• _Data below_
'''

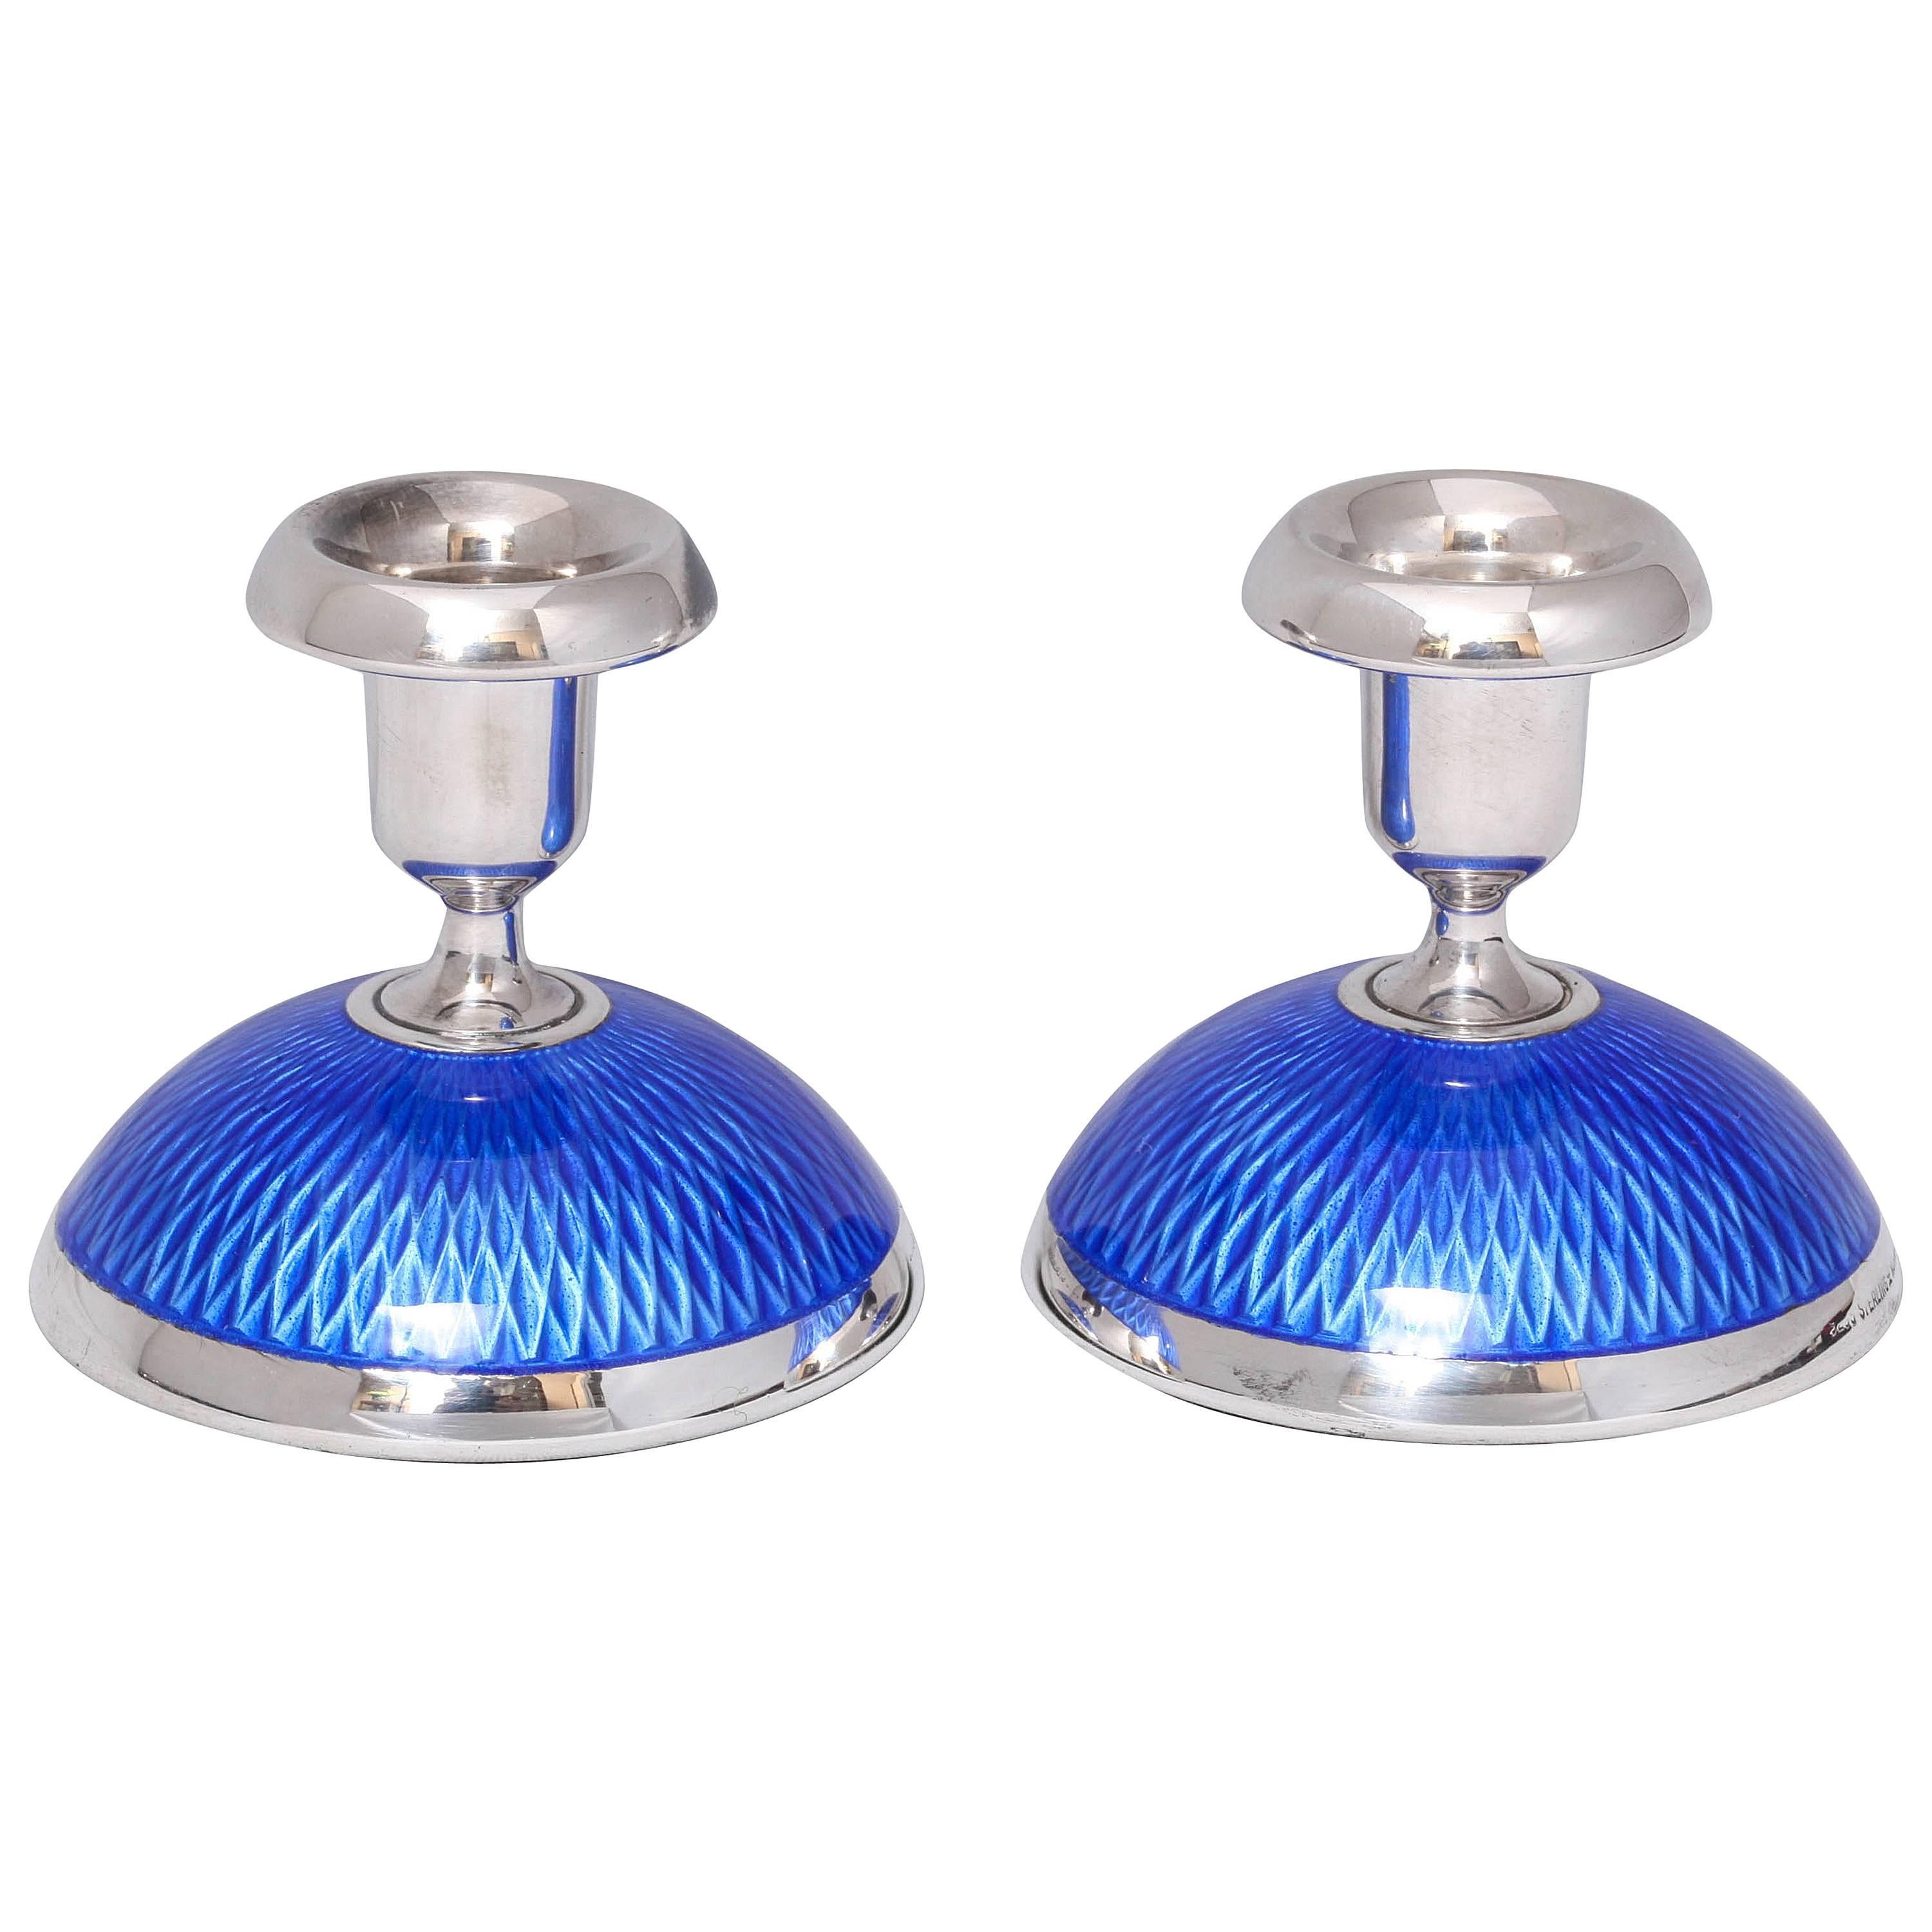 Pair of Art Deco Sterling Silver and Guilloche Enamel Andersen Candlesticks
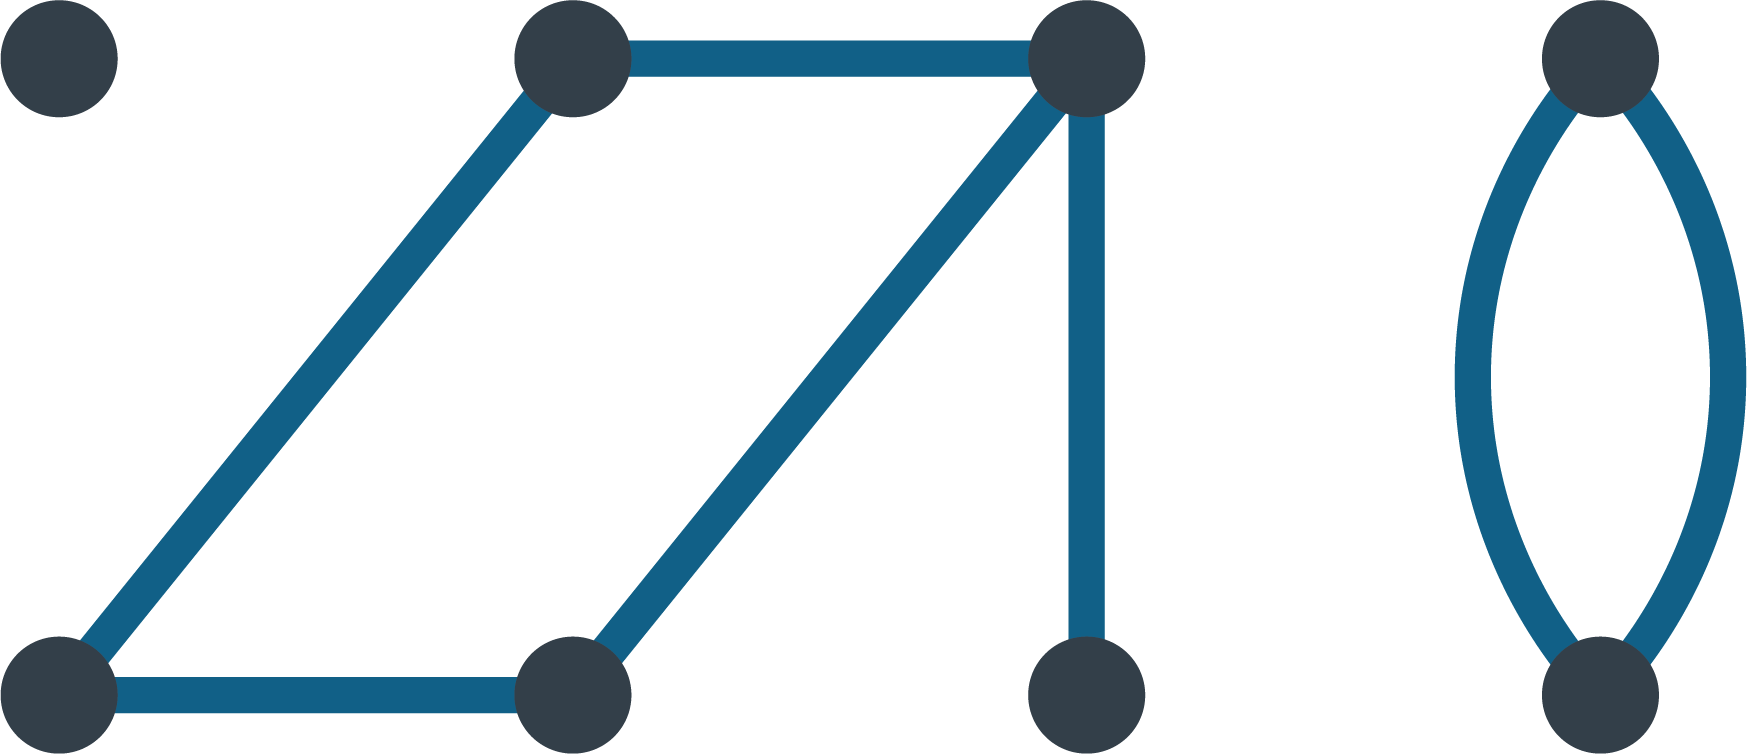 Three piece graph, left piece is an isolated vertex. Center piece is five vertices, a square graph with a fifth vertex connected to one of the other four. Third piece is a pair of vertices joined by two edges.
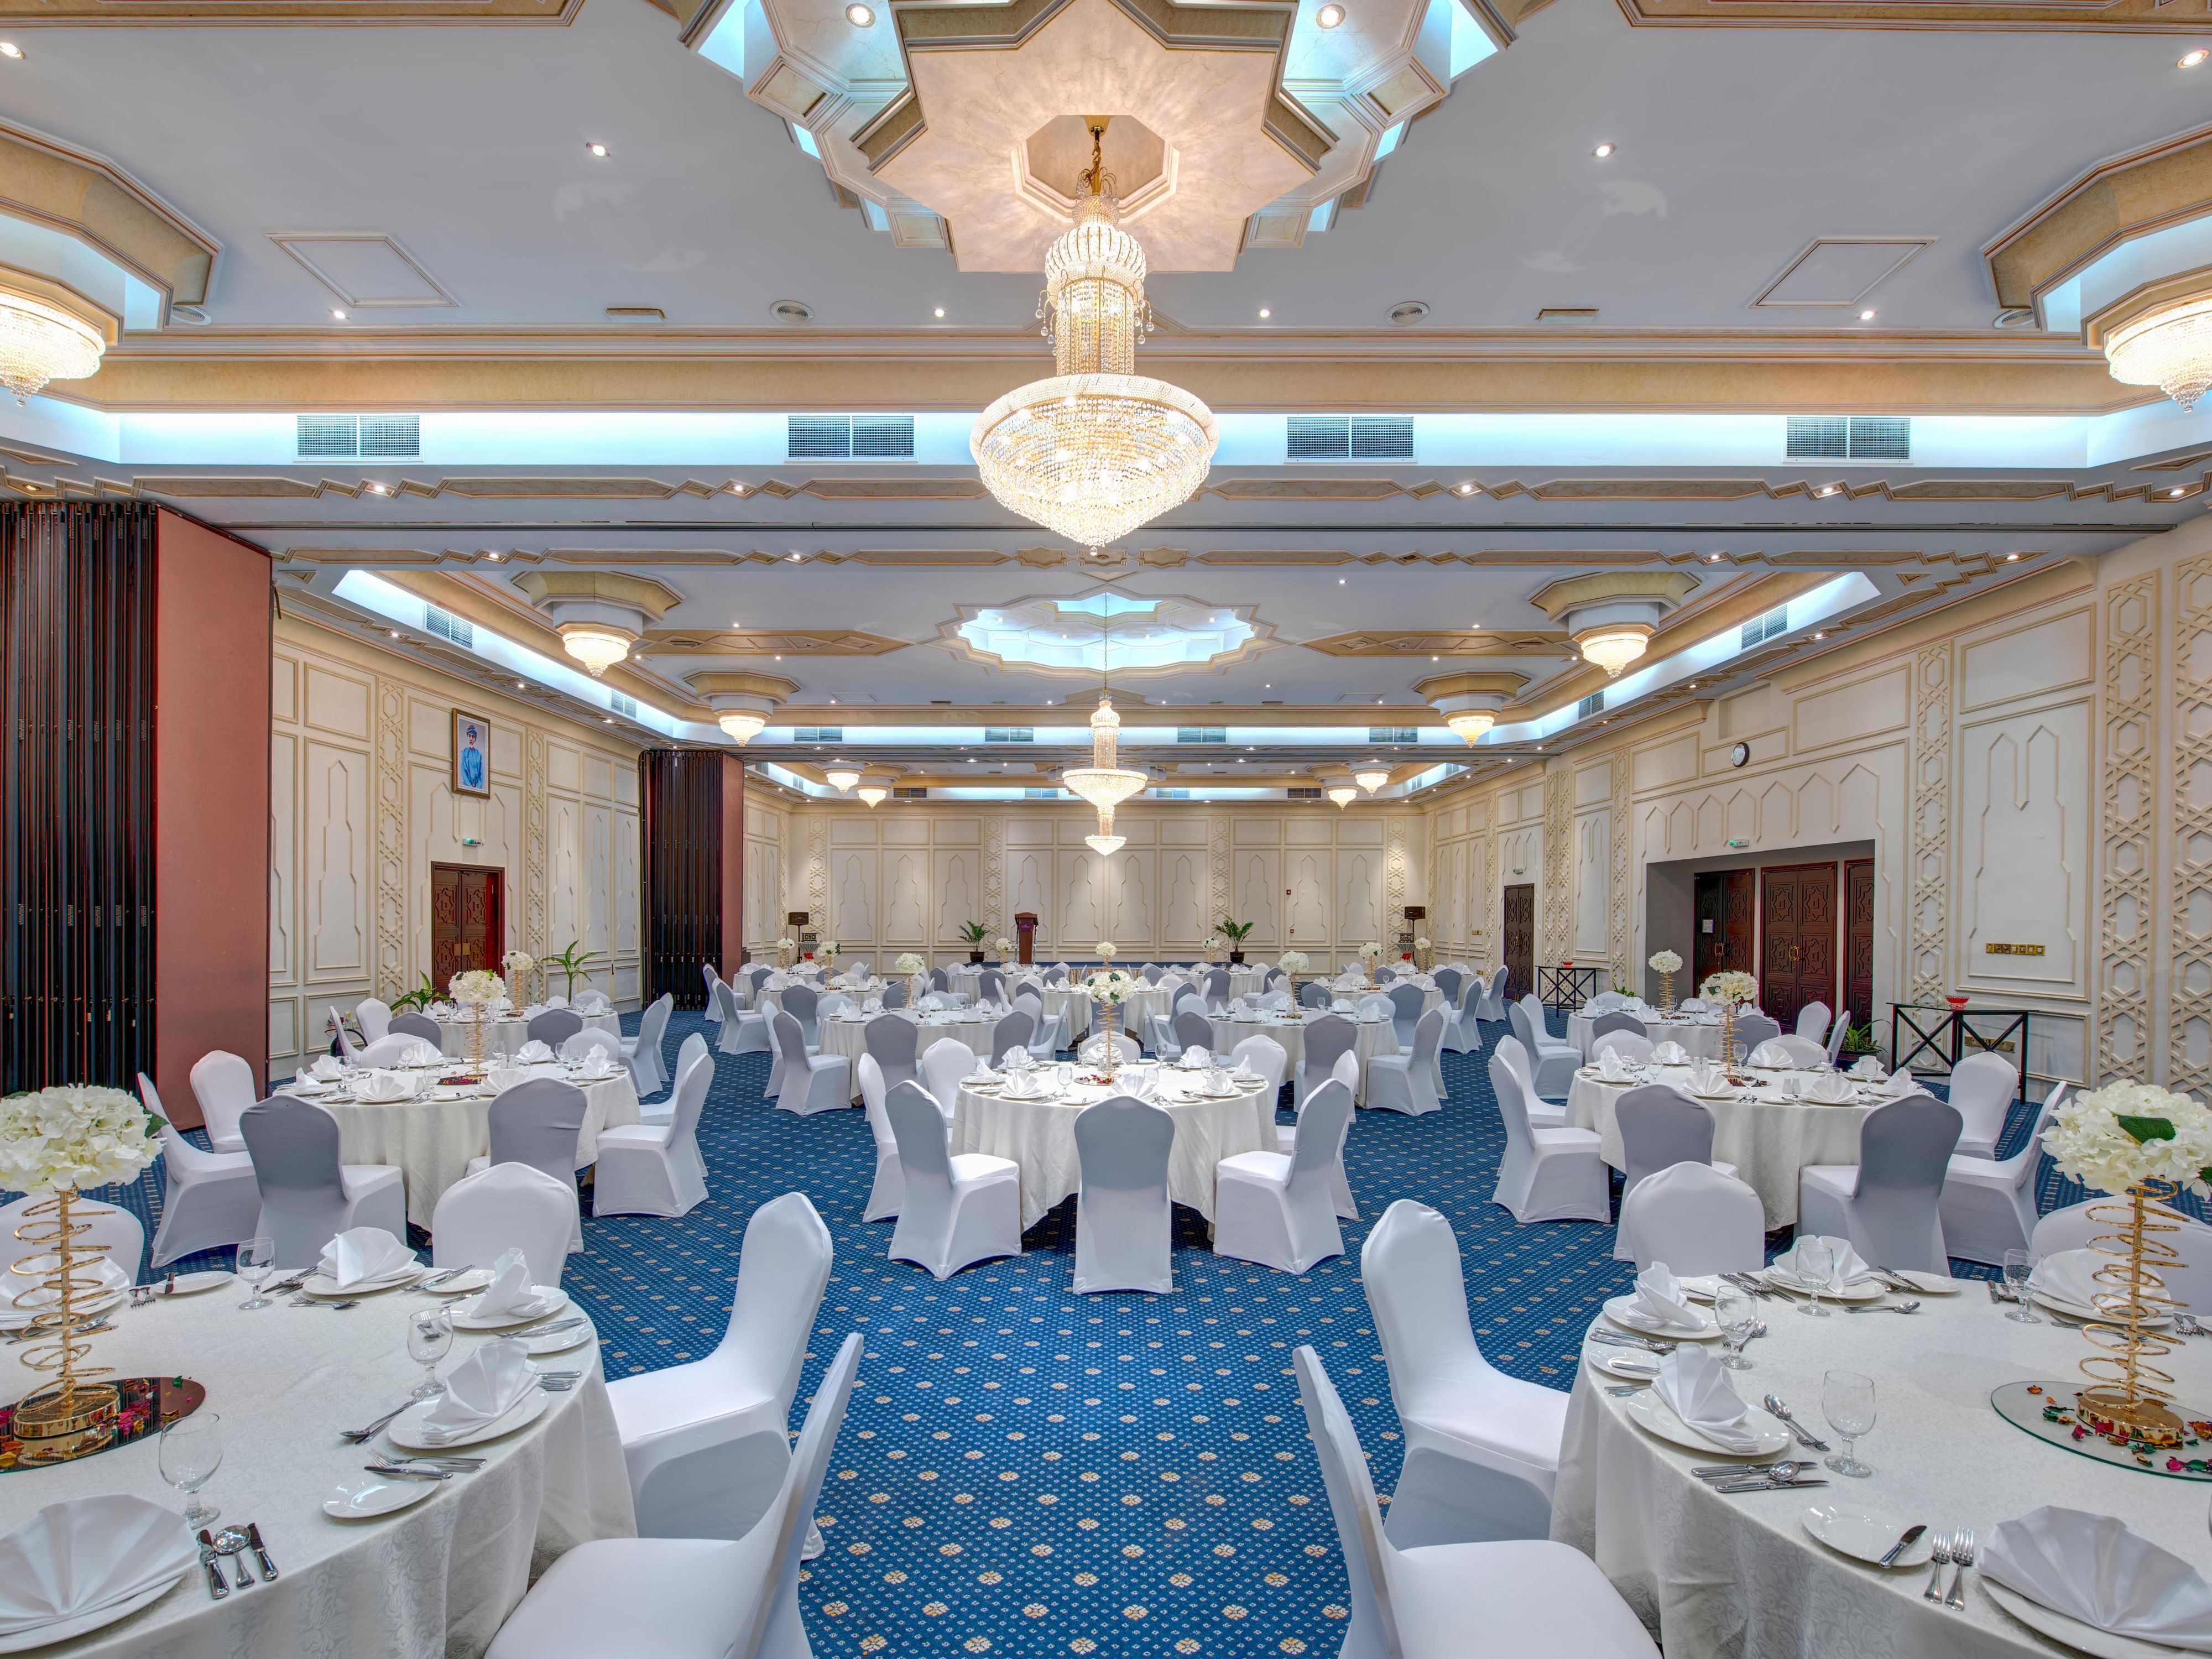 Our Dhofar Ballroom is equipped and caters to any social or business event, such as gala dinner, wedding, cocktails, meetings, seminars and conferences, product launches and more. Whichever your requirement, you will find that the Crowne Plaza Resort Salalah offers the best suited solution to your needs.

'''

• _What you will do_
Pictures are to be dropped, and the lines from the line with "Three piece graph, left" through the end of the material above are to be reproduced exactly.

• _Result of the task_
 Three piece graph, left piece is an isolated vertex. Center piece is five vertices, a square graph with a fifth vertex connected to one of the other four. Third piece is a pair of vertices joined by two edges.
 Our Dhofar Ballroom is equipped and caters to any social or business event, such as gala dinner, wedding, cocktails, meetings, seminars and conferences, product launches and more. Whichever your requirement, you will find that the Crowne Plaza Resort Salalah offers the best suited solution to your needs.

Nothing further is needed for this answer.